What needs to be done: Copy only what lies from the line containing "Melted dark chocolate" through the line containing "Young pretty tourist" in the entries below, keeping both end lines exact and dropping every picture.

Supplied information:
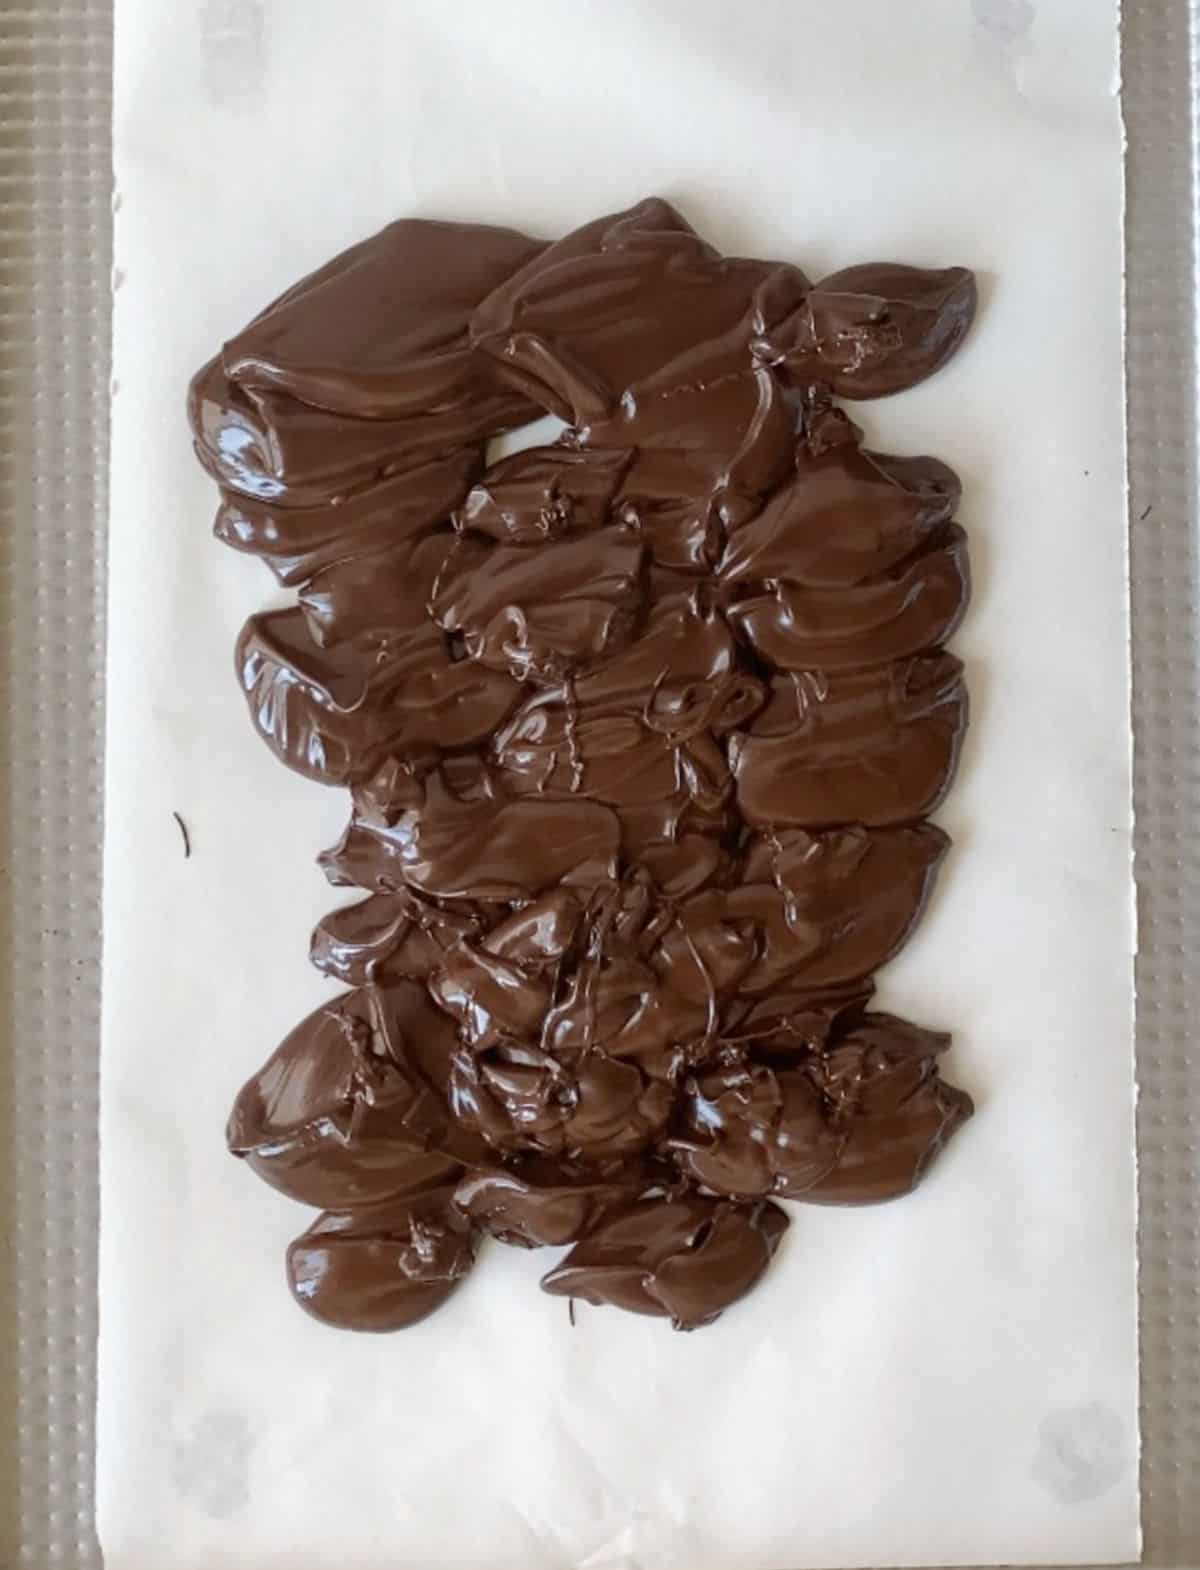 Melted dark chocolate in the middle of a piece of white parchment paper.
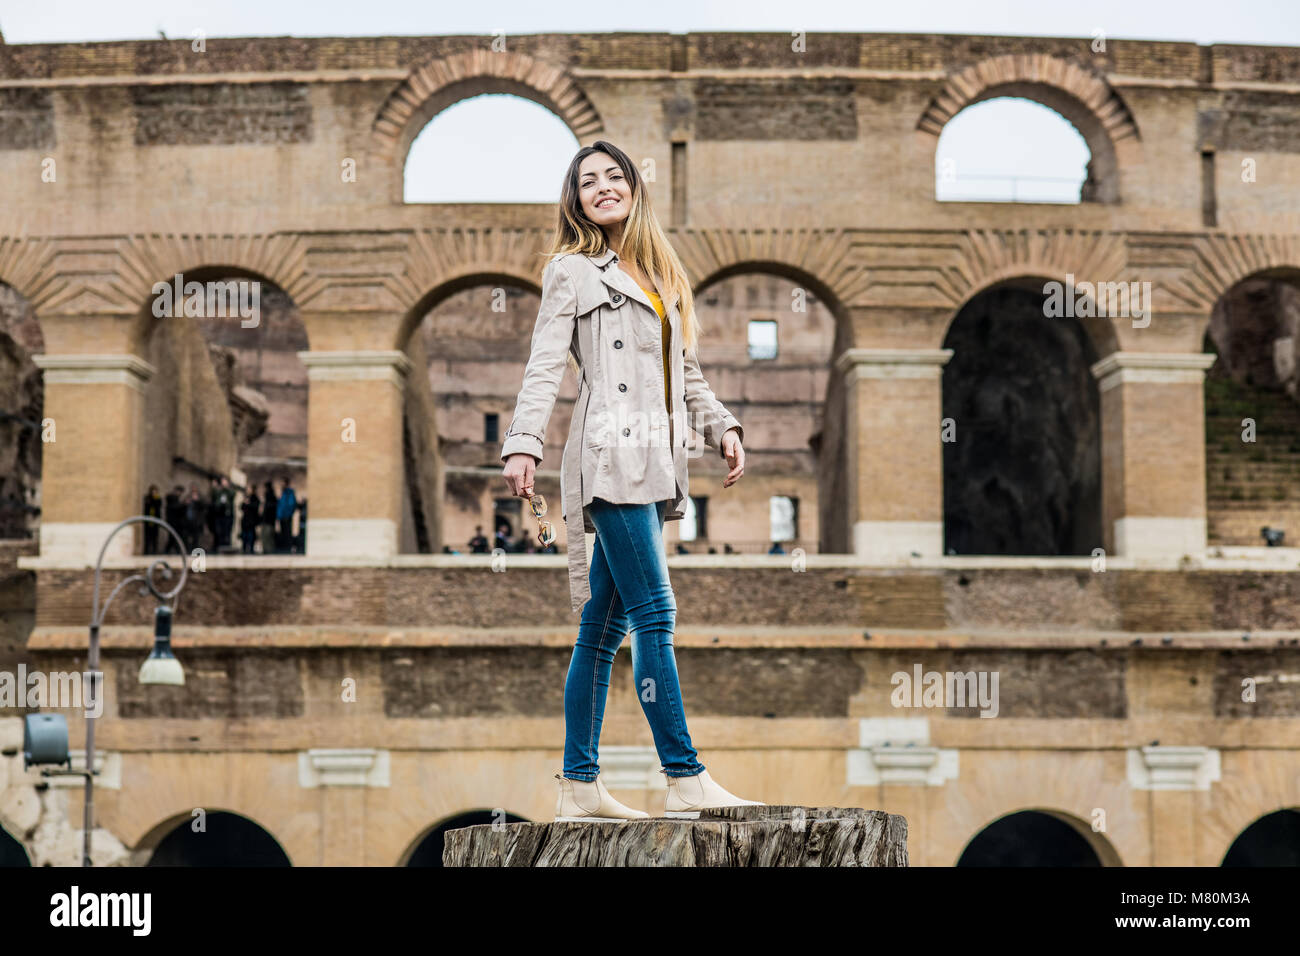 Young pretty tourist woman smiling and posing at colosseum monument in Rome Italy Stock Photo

---

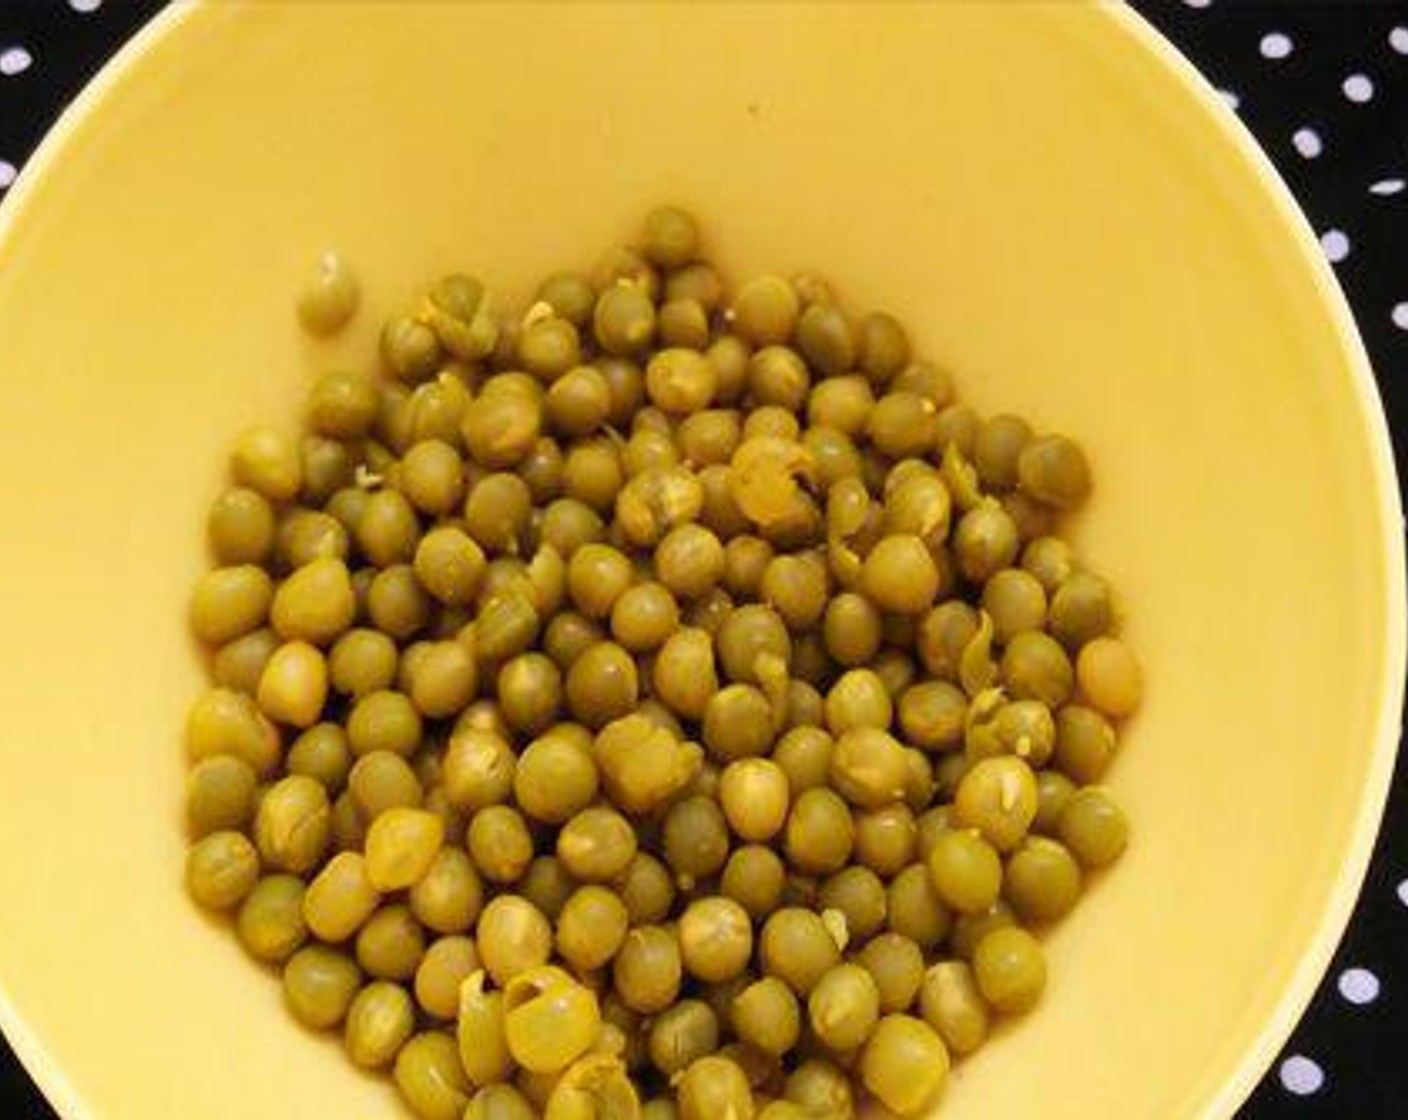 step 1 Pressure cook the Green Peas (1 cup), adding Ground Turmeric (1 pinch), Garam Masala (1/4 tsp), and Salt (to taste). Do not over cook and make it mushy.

Written answer:
 Melted dark chocolate in the middle of a piece of white parchment paper.
 Young pretty tourist woman smiling and posing at colosseum monument in Rome Italy Stock Photo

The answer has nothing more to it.